**Your objective**
Reproduce, exactly, the lines of the material below from the line containing "Hungry ducks at Plav lake" through the line containing "Tesla: que se", with both end lines included and nothing else.
────────────────────
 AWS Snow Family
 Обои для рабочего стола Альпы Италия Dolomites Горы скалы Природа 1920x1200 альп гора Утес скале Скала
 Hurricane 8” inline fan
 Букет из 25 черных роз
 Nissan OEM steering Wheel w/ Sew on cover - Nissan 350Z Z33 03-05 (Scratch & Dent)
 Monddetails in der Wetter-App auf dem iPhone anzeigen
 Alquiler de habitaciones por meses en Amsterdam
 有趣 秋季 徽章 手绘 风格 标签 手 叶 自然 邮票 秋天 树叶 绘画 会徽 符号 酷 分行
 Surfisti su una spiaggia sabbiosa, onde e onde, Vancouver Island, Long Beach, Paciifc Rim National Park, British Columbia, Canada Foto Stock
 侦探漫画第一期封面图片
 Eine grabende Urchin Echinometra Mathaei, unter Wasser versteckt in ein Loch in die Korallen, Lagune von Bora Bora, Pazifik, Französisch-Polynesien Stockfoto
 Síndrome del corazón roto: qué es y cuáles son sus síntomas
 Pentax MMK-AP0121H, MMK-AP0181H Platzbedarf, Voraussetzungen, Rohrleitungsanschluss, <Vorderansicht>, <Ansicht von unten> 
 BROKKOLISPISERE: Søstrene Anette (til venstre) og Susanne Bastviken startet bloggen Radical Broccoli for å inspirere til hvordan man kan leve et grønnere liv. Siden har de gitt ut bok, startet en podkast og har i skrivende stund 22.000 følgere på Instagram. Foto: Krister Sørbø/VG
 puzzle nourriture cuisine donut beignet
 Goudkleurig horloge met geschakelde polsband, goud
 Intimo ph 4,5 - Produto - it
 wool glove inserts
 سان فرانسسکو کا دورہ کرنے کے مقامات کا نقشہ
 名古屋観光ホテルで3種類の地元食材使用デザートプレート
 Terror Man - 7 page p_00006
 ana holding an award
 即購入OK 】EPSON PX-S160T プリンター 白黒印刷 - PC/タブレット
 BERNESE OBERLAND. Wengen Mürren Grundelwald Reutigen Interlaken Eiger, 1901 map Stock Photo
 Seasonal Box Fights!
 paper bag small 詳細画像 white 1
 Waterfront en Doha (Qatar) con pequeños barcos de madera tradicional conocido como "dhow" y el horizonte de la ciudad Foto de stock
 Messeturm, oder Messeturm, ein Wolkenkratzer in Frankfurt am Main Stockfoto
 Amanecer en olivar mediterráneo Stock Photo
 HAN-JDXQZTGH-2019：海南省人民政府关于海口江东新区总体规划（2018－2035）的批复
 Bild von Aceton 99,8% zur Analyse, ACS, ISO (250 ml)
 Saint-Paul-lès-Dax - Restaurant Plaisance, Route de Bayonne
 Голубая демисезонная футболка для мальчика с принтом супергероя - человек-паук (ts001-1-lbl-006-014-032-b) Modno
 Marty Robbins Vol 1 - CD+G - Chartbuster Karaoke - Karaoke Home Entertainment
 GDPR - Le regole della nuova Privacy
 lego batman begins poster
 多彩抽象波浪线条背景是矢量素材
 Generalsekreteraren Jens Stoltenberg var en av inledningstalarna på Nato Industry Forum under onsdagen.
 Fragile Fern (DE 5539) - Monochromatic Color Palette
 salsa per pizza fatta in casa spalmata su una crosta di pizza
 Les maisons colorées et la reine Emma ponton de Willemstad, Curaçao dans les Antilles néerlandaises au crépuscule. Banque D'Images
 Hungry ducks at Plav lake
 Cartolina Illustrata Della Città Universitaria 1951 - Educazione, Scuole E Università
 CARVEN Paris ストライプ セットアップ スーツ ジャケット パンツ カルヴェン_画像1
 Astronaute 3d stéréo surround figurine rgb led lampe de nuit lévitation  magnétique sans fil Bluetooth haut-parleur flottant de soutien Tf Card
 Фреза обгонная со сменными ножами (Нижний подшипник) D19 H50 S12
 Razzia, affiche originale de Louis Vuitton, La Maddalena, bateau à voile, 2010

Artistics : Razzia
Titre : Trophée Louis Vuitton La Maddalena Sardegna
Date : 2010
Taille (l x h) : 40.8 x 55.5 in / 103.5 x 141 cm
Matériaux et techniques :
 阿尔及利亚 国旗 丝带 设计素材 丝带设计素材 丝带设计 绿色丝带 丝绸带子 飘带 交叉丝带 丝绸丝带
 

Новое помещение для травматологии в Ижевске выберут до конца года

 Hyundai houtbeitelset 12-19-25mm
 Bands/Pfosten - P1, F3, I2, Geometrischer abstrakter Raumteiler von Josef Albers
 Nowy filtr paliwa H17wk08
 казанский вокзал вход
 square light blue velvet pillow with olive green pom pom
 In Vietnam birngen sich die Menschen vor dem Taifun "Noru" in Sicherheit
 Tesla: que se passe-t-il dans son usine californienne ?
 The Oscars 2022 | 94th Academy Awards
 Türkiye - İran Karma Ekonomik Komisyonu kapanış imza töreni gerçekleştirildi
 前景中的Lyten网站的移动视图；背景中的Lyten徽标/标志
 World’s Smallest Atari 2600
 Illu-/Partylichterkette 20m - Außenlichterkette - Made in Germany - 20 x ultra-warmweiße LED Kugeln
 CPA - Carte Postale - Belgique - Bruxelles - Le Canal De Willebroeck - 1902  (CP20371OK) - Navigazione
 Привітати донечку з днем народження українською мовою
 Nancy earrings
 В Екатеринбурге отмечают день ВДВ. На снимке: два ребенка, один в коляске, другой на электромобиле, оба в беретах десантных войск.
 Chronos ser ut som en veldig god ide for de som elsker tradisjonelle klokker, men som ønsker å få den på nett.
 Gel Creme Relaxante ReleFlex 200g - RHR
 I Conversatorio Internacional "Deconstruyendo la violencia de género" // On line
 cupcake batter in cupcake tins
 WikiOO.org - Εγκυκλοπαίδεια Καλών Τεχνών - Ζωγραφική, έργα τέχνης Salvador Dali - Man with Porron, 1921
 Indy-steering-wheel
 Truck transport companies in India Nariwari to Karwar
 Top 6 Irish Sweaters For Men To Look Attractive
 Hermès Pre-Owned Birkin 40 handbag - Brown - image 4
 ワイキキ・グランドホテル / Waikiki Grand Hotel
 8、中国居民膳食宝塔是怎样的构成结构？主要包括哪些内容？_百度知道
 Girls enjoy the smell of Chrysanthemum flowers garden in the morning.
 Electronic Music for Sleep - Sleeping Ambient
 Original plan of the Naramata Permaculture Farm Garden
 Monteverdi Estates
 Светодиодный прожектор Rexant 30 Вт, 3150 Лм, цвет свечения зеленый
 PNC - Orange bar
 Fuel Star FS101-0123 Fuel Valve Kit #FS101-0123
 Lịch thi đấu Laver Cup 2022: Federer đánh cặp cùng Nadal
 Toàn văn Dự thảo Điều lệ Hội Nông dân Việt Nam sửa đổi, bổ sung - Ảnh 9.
────────────────────
**Written answer**
 Hungry ducks at Plav lake
 Cartolina Illustrata Della Città Universitaria 1951 - Educazione, Scuole E Università
 CARVEN Paris ストライプ セットアップ スーツ ジャケット パンツ カルヴェン_画像1
 Astronaute 3d stéréo surround figurine rgb led lampe de nuit lévitation  magnétique sans fil Bluetooth haut-parleur flottant de soutien Tf Card
 Фреза обгонная со сменными ножами (Нижний подшипник) D19 H50 S12
 Razzia, affiche originale de Louis Vuitton, La Maddalena, bateau à voile, 2010

Artistics : Razzia
Titre : Trophée Louis Vuitton La Maddalena Sardegna
Date : 2010
Taille (l x h) : 40.8 x 55.5 in / 103.5 x 141 cm
Matériaux et techniques :
 阿尔及利亚 国旗 丝带 设计素材 丝带设计素材 丝带设计 绿色丝带 丝绸带子 飘带 交叉丝带 丝绸丝带
 

Новое помещение для травматологии в Ижевске выберут до конца года

 Hyundai houtbeitelset 12-19-25mm
 Bands/Pfosten - P1, F3, I2, Geometrischer abstrakter Raumteiler von Josef Albers
 Nowy filtr paliwa H17wk08
 казанский вокзал вход
 square light blue velvet pillow with olive green pom pom
 In Vietnam birngen sich die Menschen vor dem Taifun "Noru" in Sicherheit
 Tesla: que se passe-t-il dans son usine californienne ?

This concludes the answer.